DWP Delays Universal Credit Roll-Out Again At A Cost Of £500m

Flagship welfare reform is now not expected to be fully introduced until September 2024.

The roll-out of the government’s controversial Universal Credit welfare reform has again been delayed in a decision costing half a billion pounds.

The Tories’ much-criticised flagship policy on benefits reform is now not expected to be fully introduced until September 2024, a fresh setback of an estimated nine months.

The Department for Work and Pensions (DWP) said on Monday that the delay was due to 900,000 more claimants than expected remaining on the legacy welfare schemes that UC is replacing.

UC has long been criticised for fuelling a rise in food bank use, as well as for numerous delays.

The DWP said the delay will cost an extra £500 million because there will be an additional 900,000 claimants receiving higher payments when they are moved to UC.

This is as part of the “transitional protection” to prevent those being moved on to the new system from losing out on payments, unless their circumstances change.

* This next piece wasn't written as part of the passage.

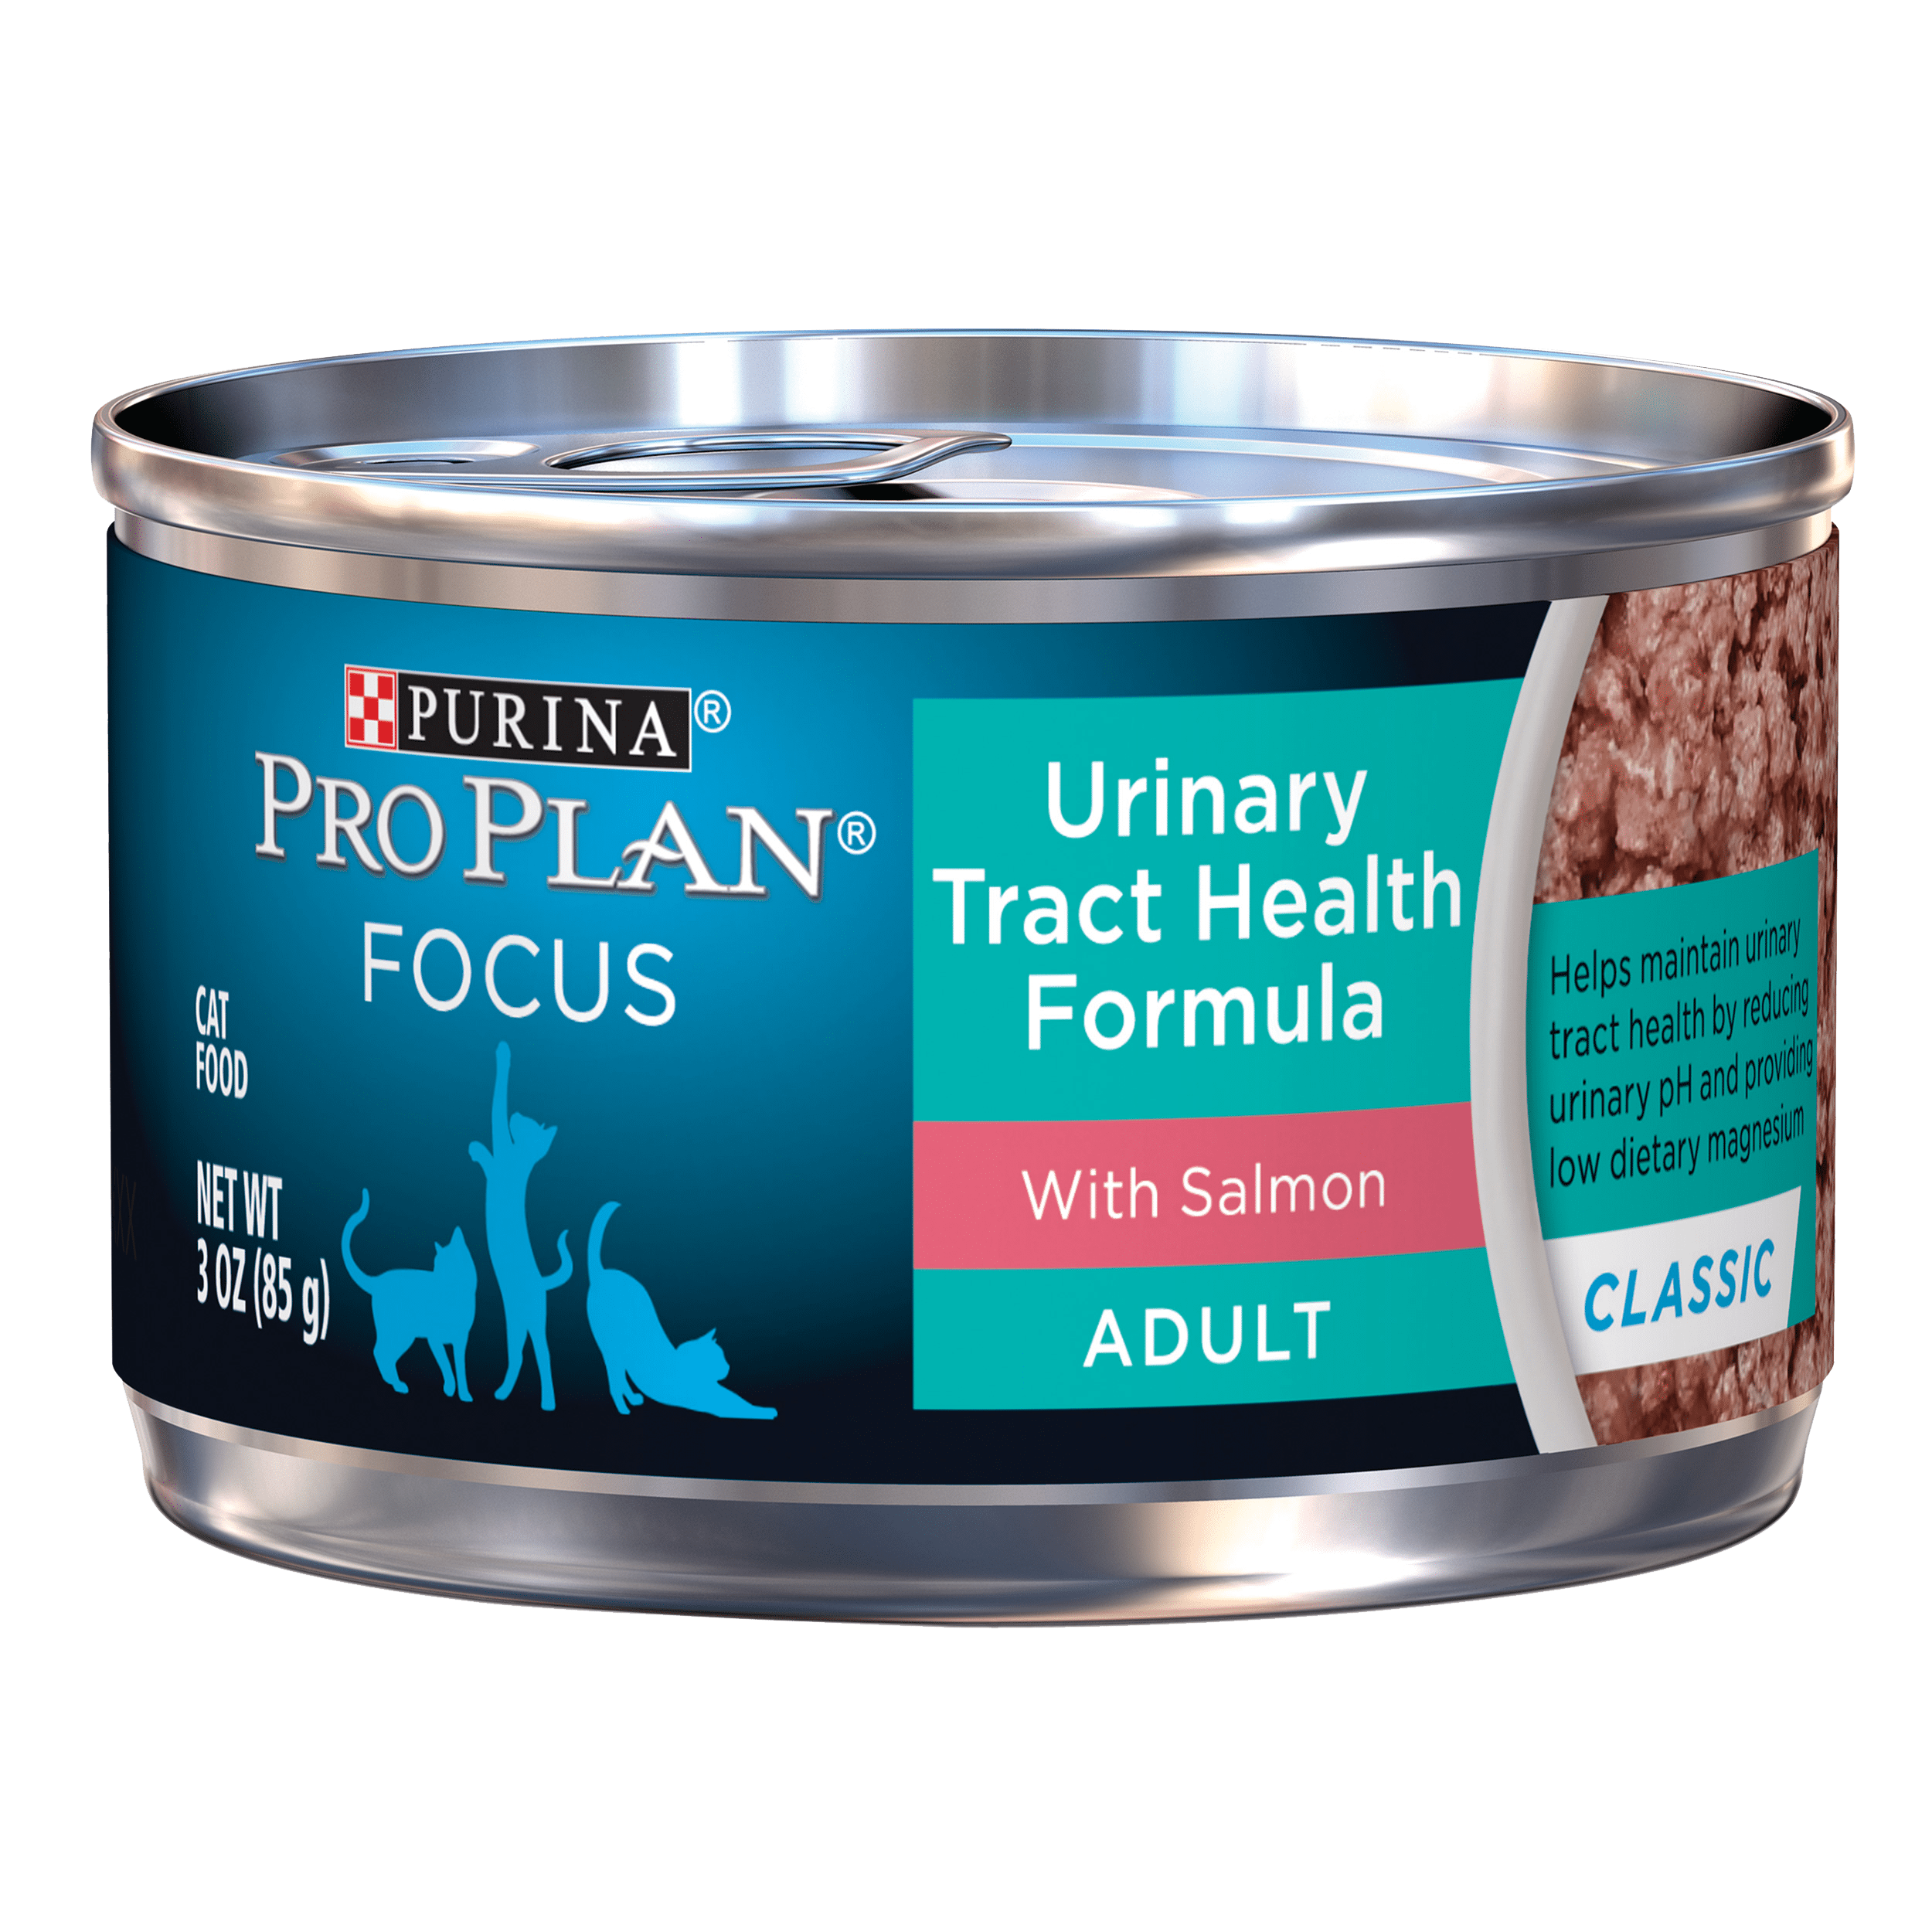 (24 Pack) Purina Pro Plan Urinary Tract Health Pate Wet Cat Food, FOCUS

DWP minister Will Quince said: “Universal Credit is the biggest change to the welfare system in a generation, bringing together six overlapping benefits into one monthly payment and offering support to some of the most vulnerable people in society.

“It is right that we revisit our forecasts, and plan and re-plan accordingly, ensuring that the process is working well for people on benefits.

“Claimants will not lose money due to this forecasting change.”

UC was meant to have replaced six existing payments entirely in 2017 but it has been beset with problems.